GIVEN INFORMATION section start
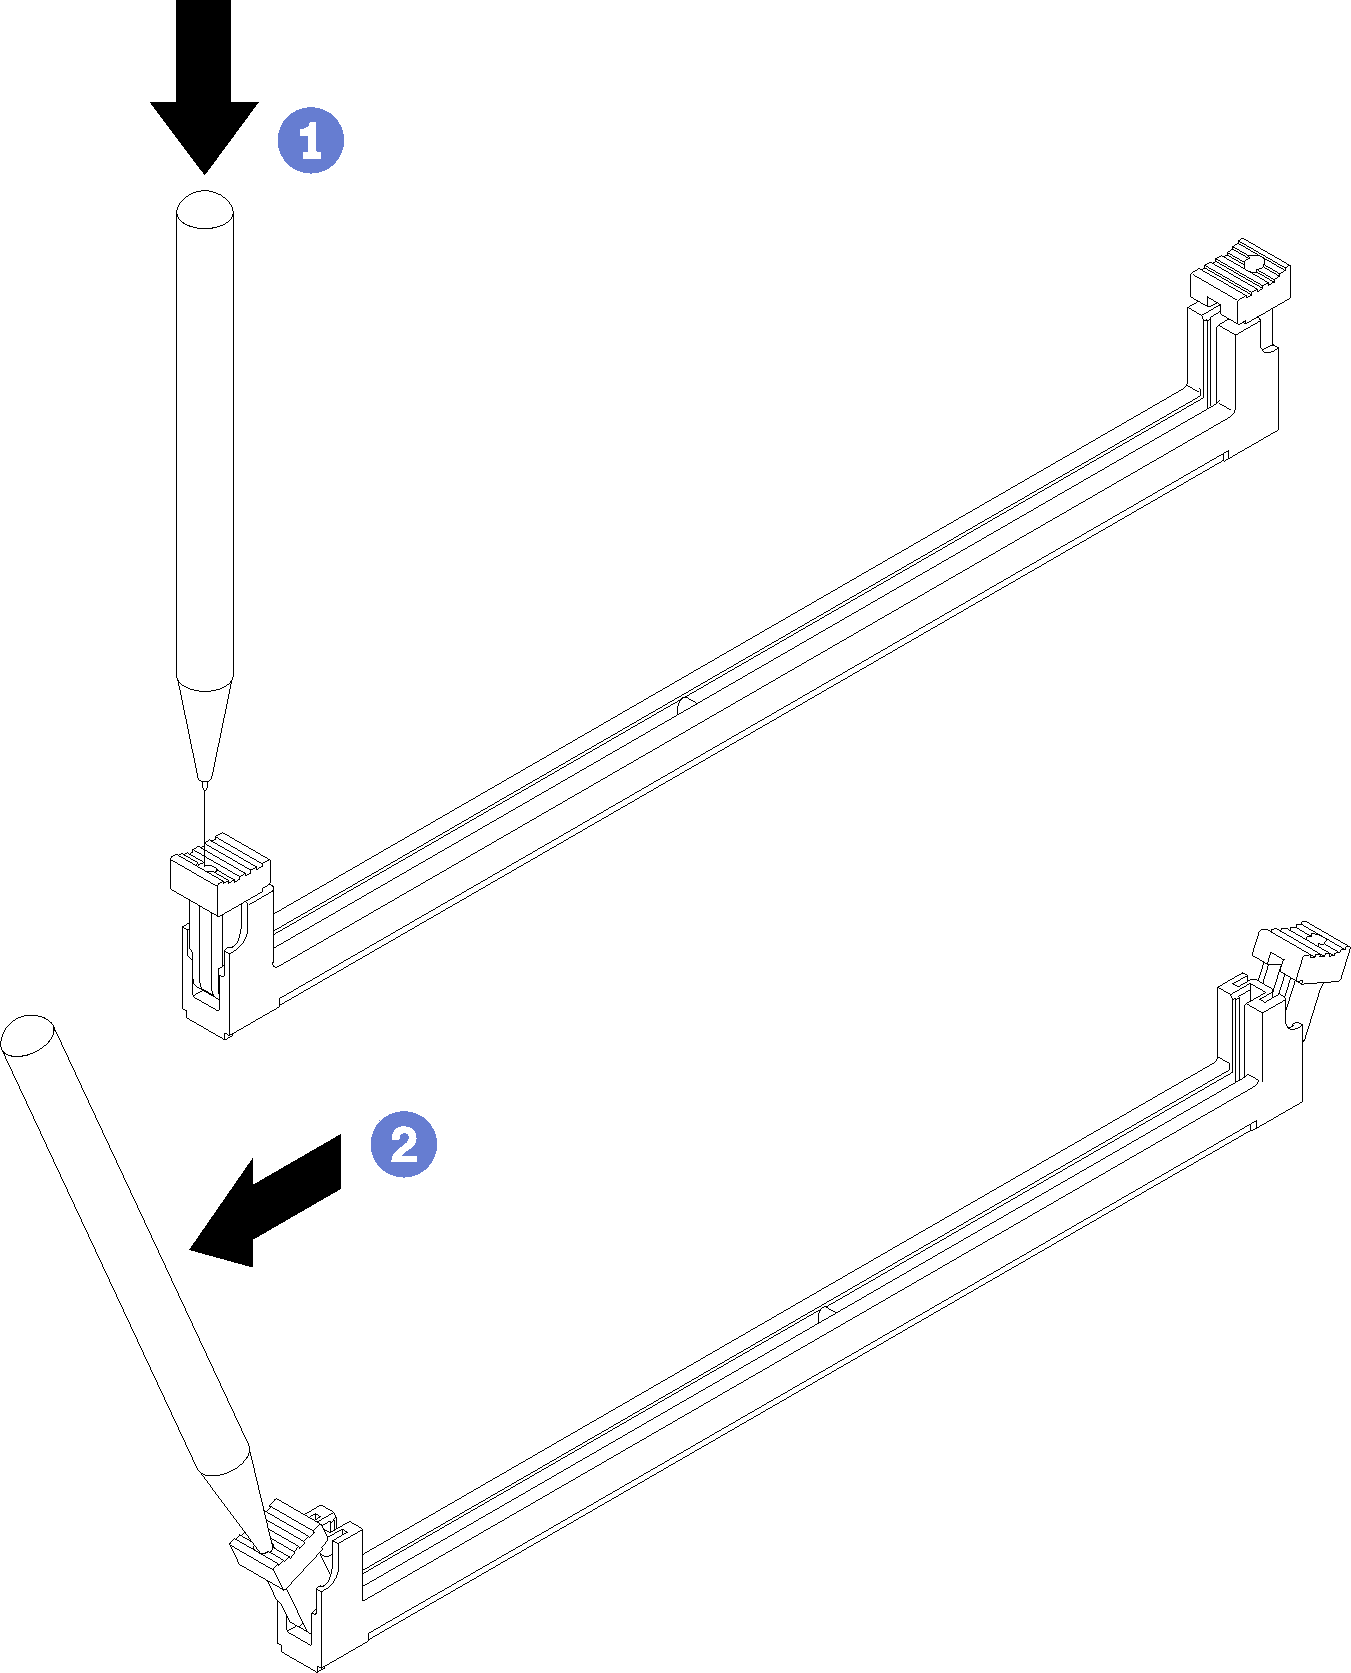 Opening retaining clips
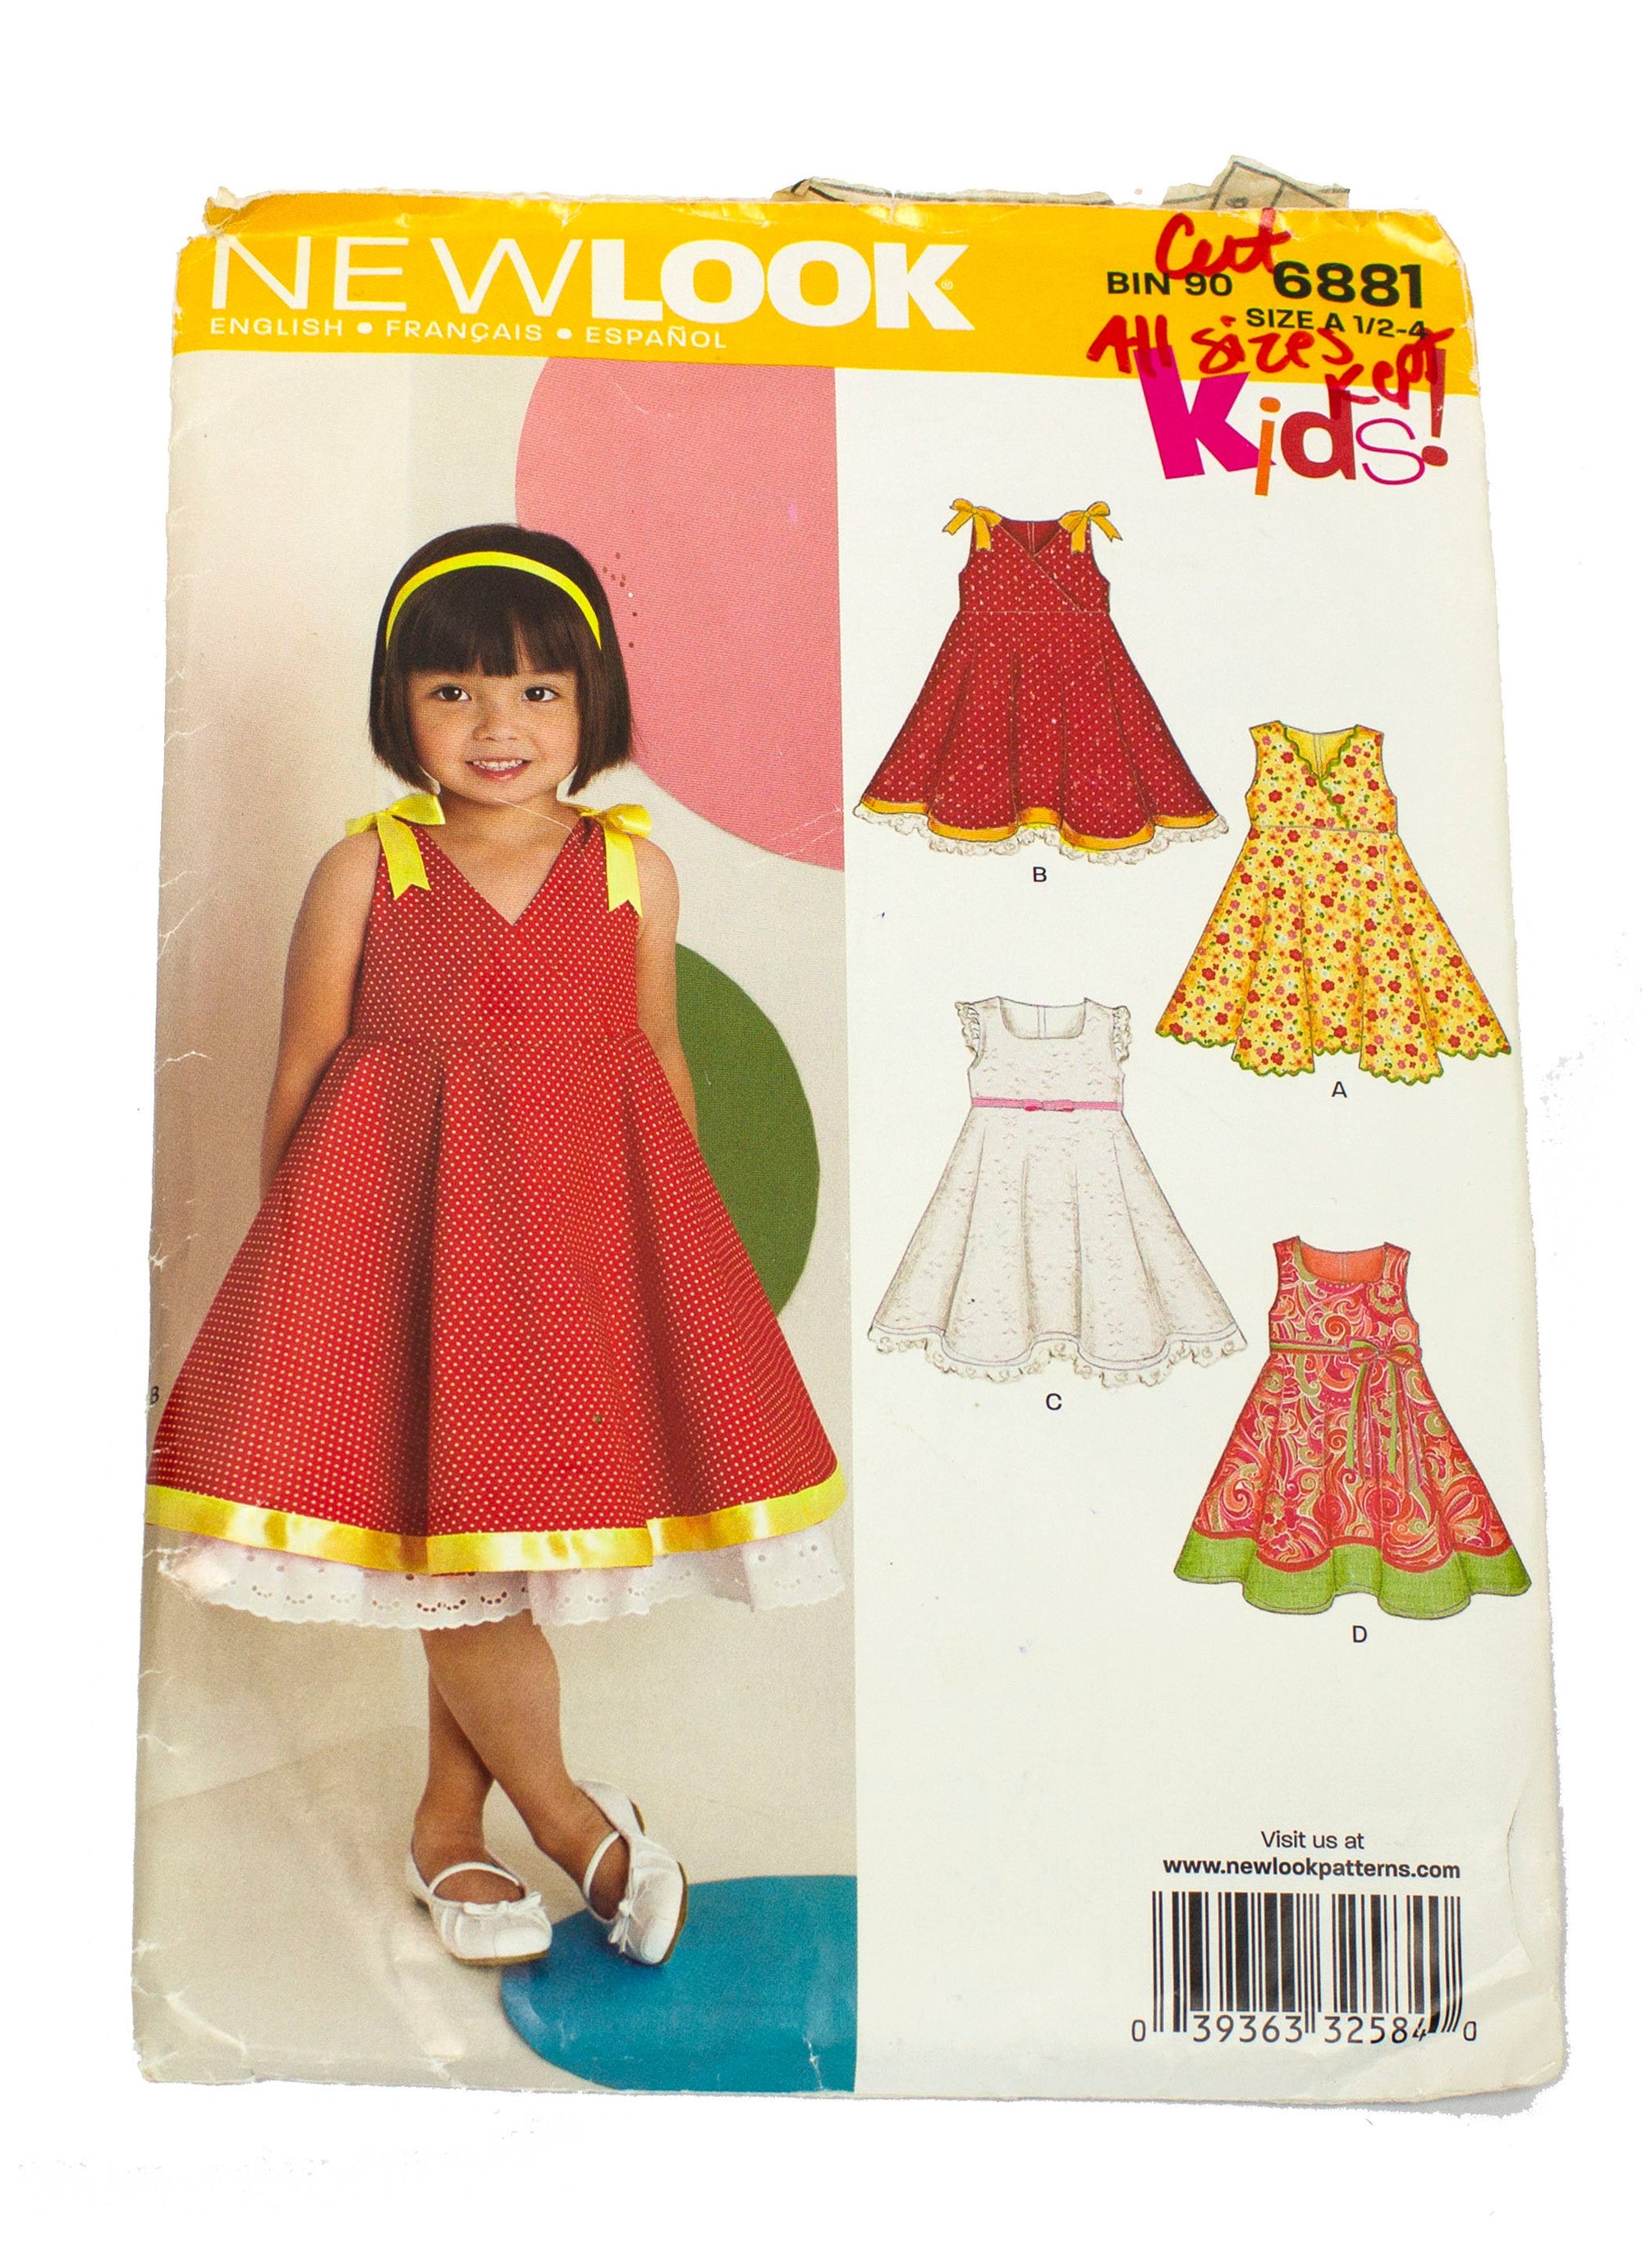 New Look 6881 Toddler's Dress - Sizes 1/2 - 4
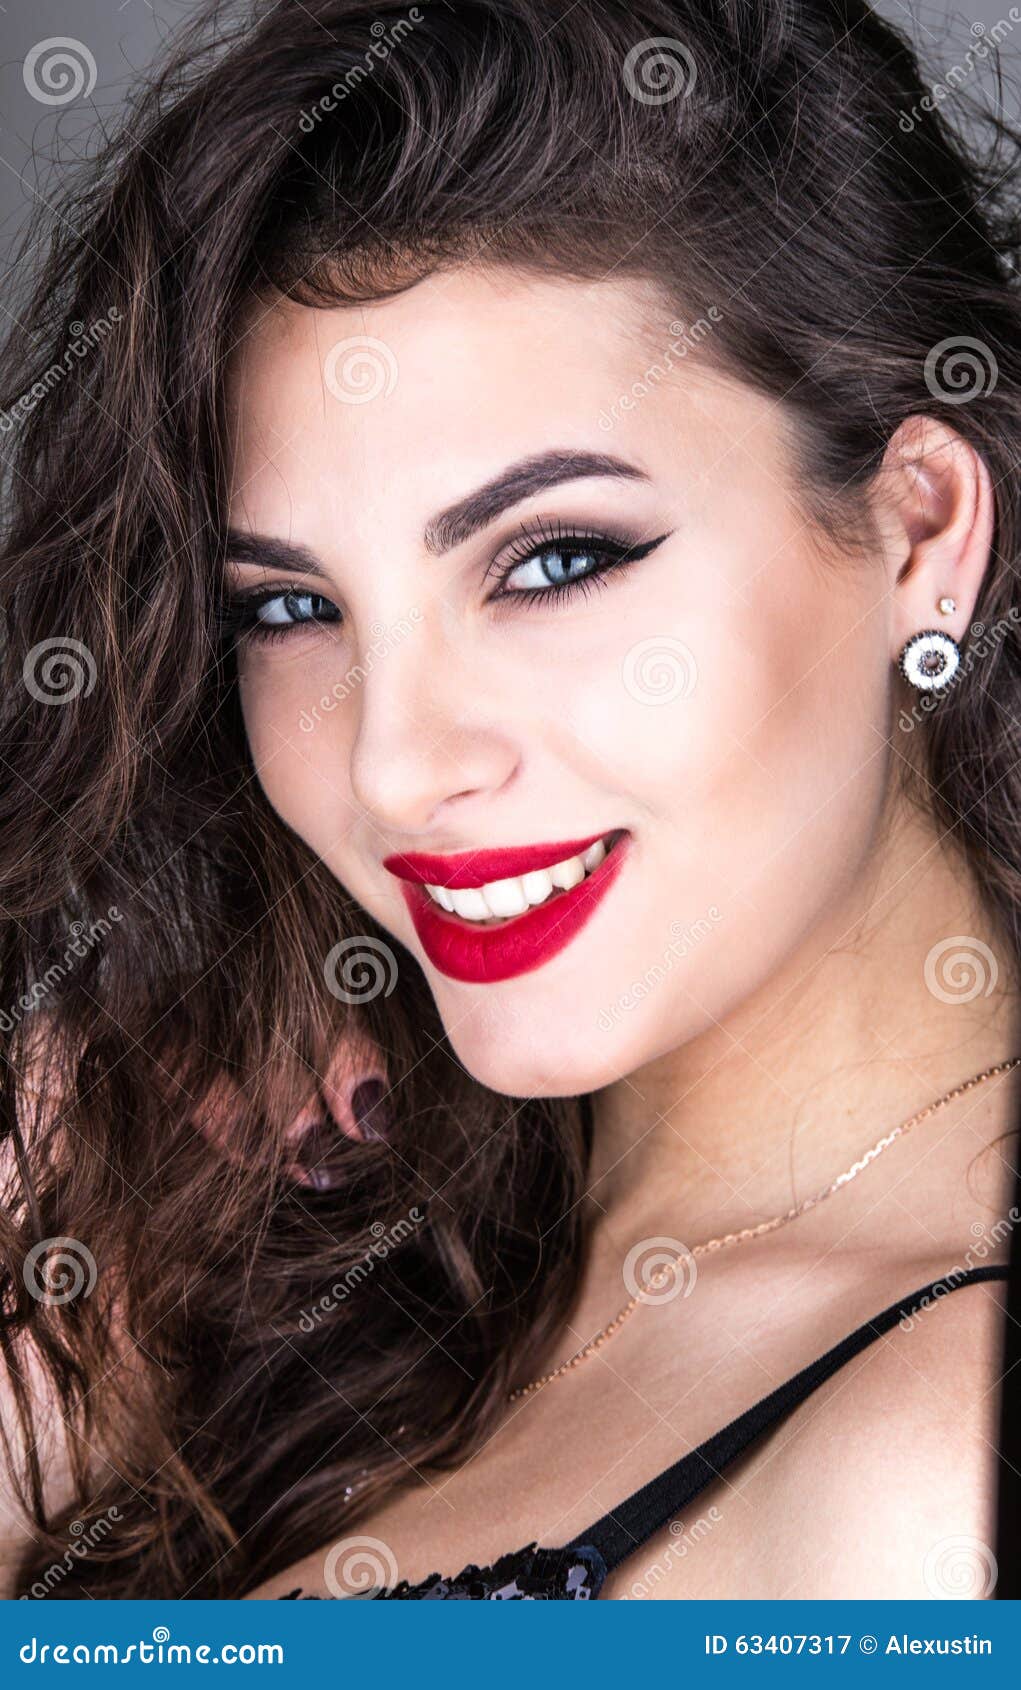 Smiling young woman stock image. Image of closeup, details - 63407317
GIVEN INFORMATION section end
- WHAT YOU ARE ASKED TO DO: Only the lines from the one containing "New Look 6881" through the last line of the data belong in the copy, both included and reproduced exactly. Pictures do not.

- REPLY TO THE EXERCISE:
 New Look 6881 Toddler's Dress - Sizes 1/2 - 4
 Smiling young woman stock image. Image of closeup, details - 63407317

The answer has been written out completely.